"We Cried on Each Other's Shoulders": How LGBTQ+ Individuals Experience Social Support in Social Virtual Reality

Overview:
Although social support can be a vital component of gender and sexual identity formation, many LGBTQ+ individuals often lack offline social networks for such support. Traditional online technologies also reveal several challenges in providing LGBTQ+ individuals with effective social support. Therefore, social VR, as a unique online space for immersive and embodied experiences, is becoming popular within LGBTQ+ communities for supportive online interactions.
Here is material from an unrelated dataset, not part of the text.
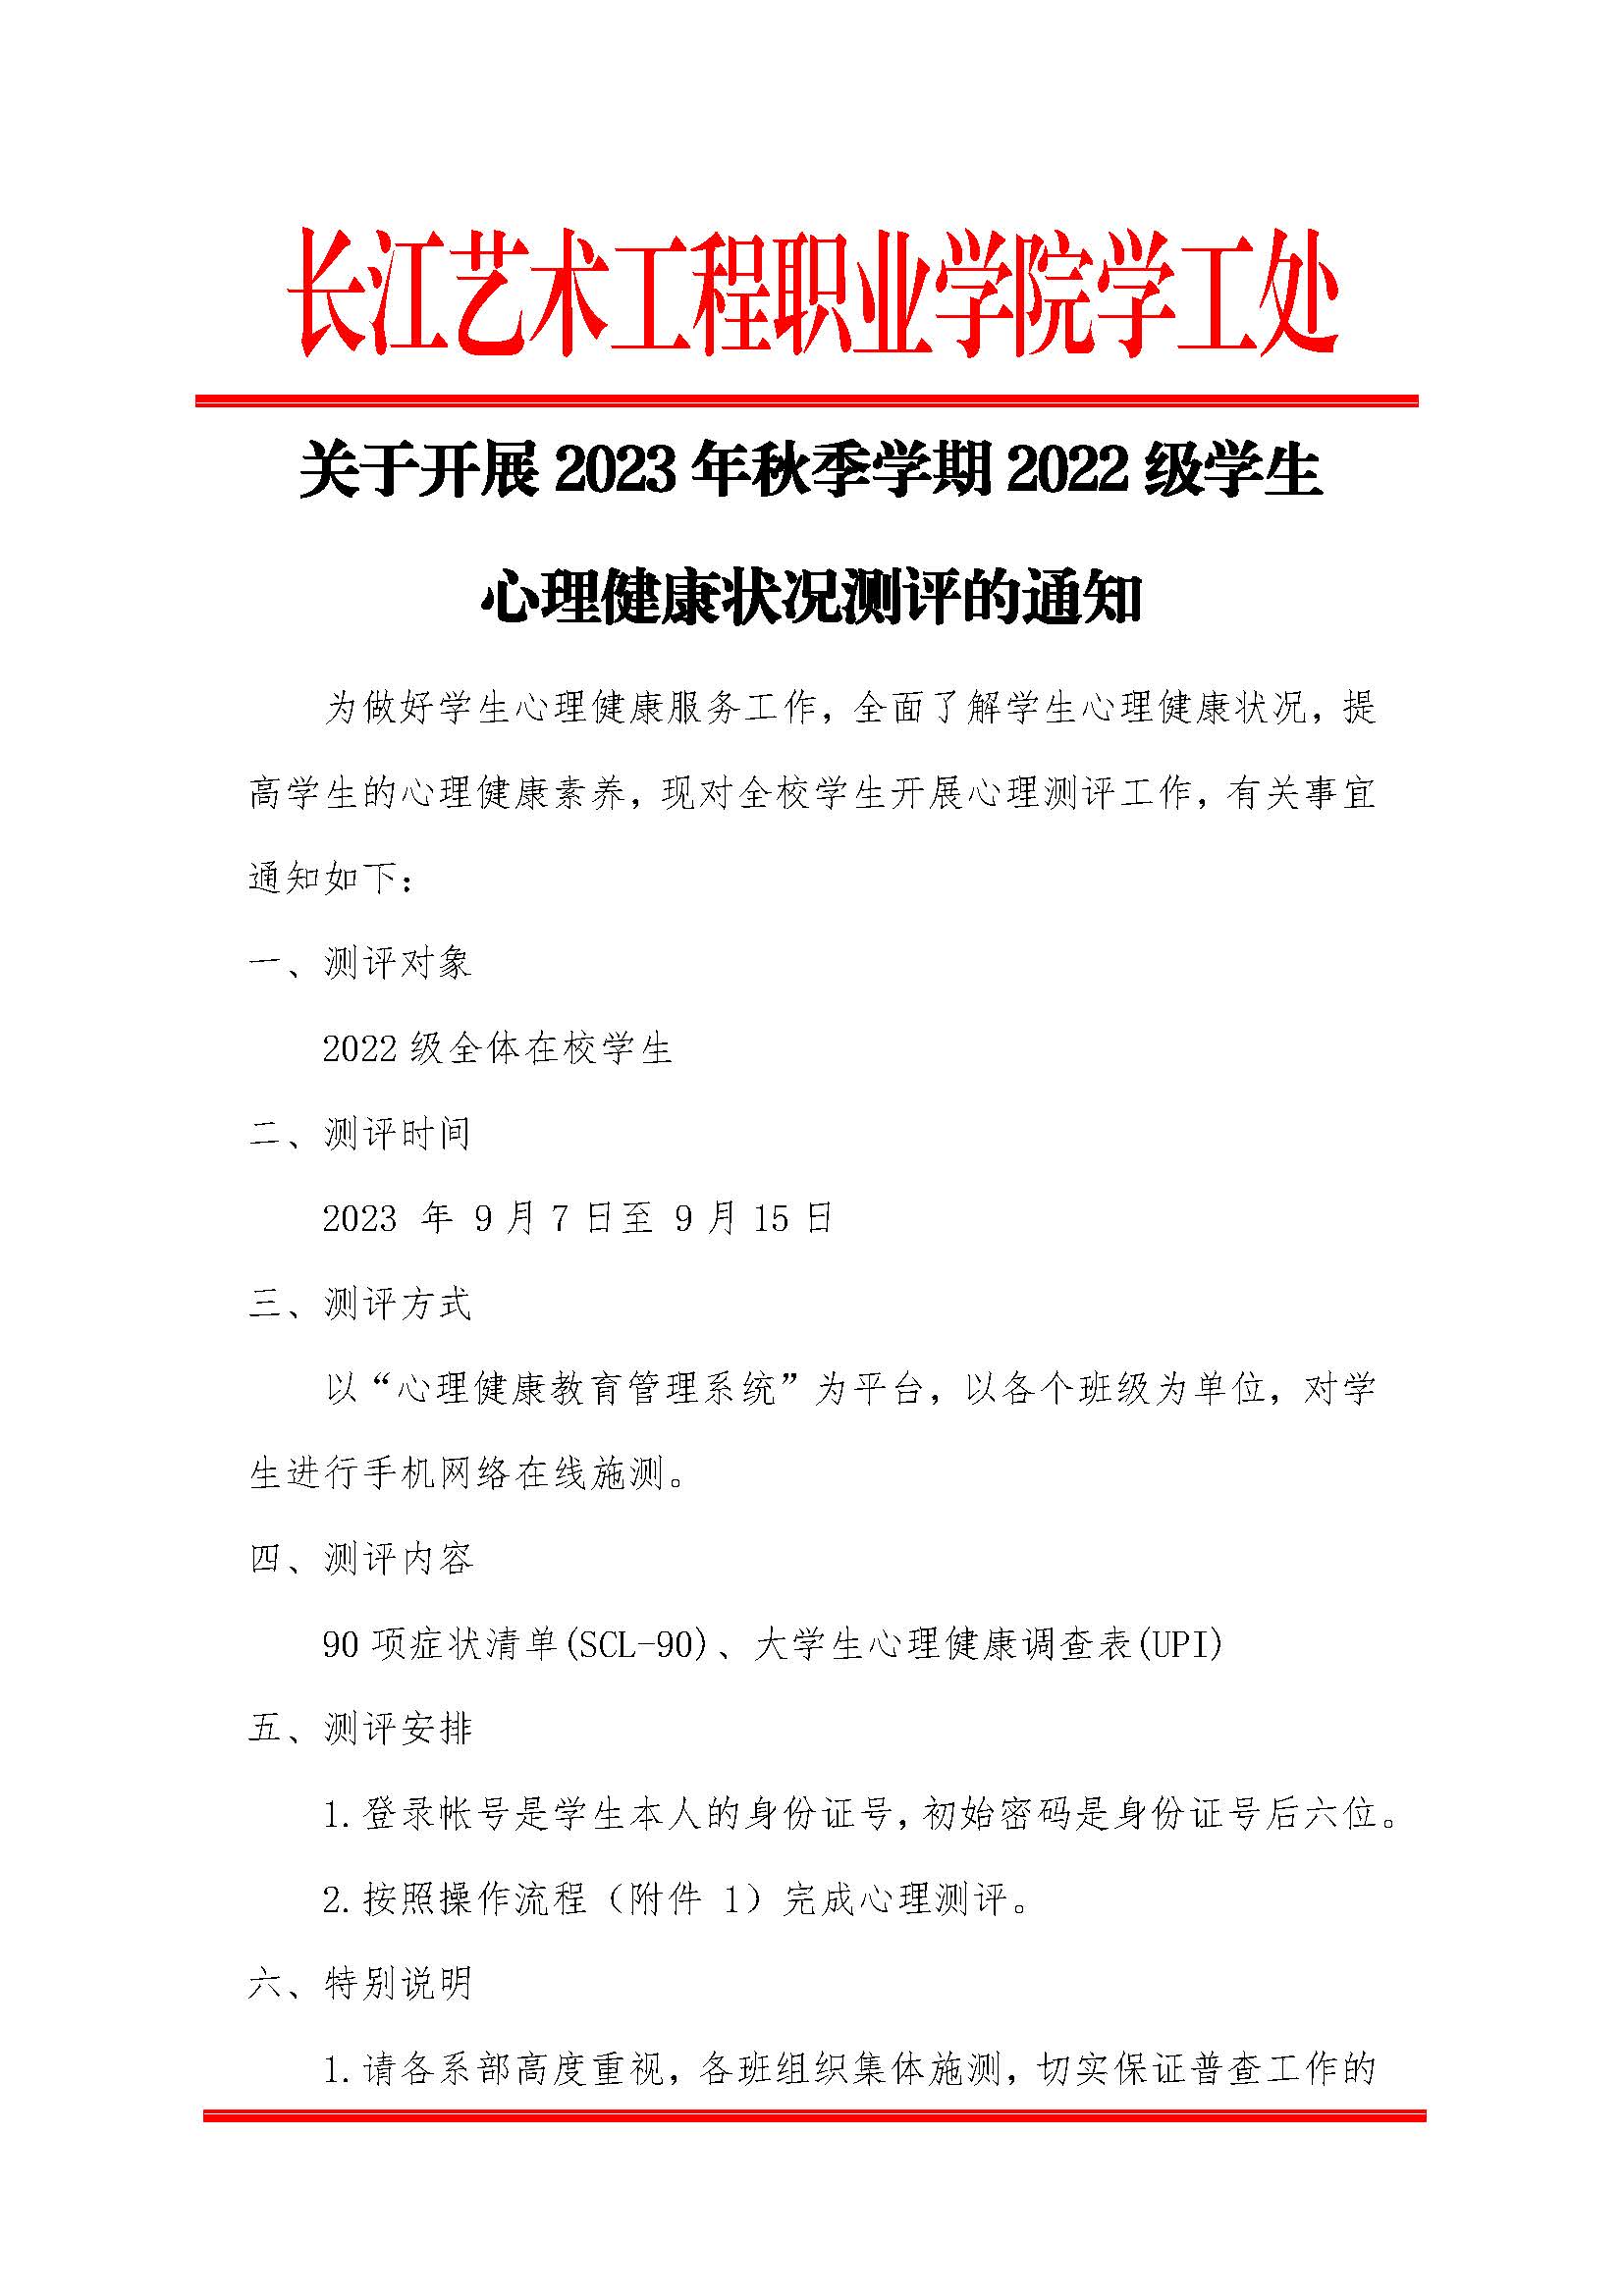 长江艺术工程职业学院学工处心理健康中心关于2022级学生心理普查通知_页面_1.jpg

We investigate the types of social support LGBTQ+ users have experienced through social VR and how they leverage unique social VR features to experience such support. We also propose important principles for rethinking social VR design to provide all users, rather than just the privileged few, with supportive experiences. 
Roles:
Led the project; Conceptualized and developed the framing and research questions; analyzed the data; wrote manuscripts

Publication:
Lingyuan Li, Guo Freeman, Kelsea Schulenberg, & Dane Acena (2023) "We Cried on Each Other's Shoulders": How LGBTQ+ Individuals Experience Social Support in Social Virtual Reality. The 2023 ACM Conference on Human Factors in Computing Systems (CHI '23) (Acceptance rate: 28.39%) [Honorable Mention Award: Top 3%]
Research Questions
QR1: What types of social support have LGBTQ+ users experienced in social VR?​​​​​​​
QR2: How do LGBTQ+ individuals leverage unique social VR features to actually seek and experience
such social support?
Method
29 in-depth semi-structured interviews
Qualitative analysis: thematic analysis
Results
RQ1
① Network support and emotional support for building a safe LGBTQ+ community in social VR
② Informational support for guiding LGBTQ+ individuals’ online and offline lives
③ Esteem support for self-improvement through experimenting and affirming LGBTQ+ identity and experiences with others.
RQ2
① Creating a sense of co-presence similar to face-to-face interaction despite being online
② Simulating physical behaviors to demonstrate embodied support for LGBTQ+ individuals
③ Imitating offline LGBTQ+ centered events in a natural and immersive way
Contributions
First, we expand the growing body of literature on online social support for LGBTQ+ individuals by providing one of the first empirical evidence of the specific types of social support LGBTQ+ users have experienced in social VR, a novel online social space, and how exactly they seek and experience such support in more nuanced ways using this new technology. 
Second, our in-depth investigation is not only important for further unpacking the nuanced ways in which new technology continues to impact marginalized tech users’, such as LGBTQ+ users’, unique online social experiences but also is critical for HCI’s key agenda on designing more inclusive and supportive technologies in the future.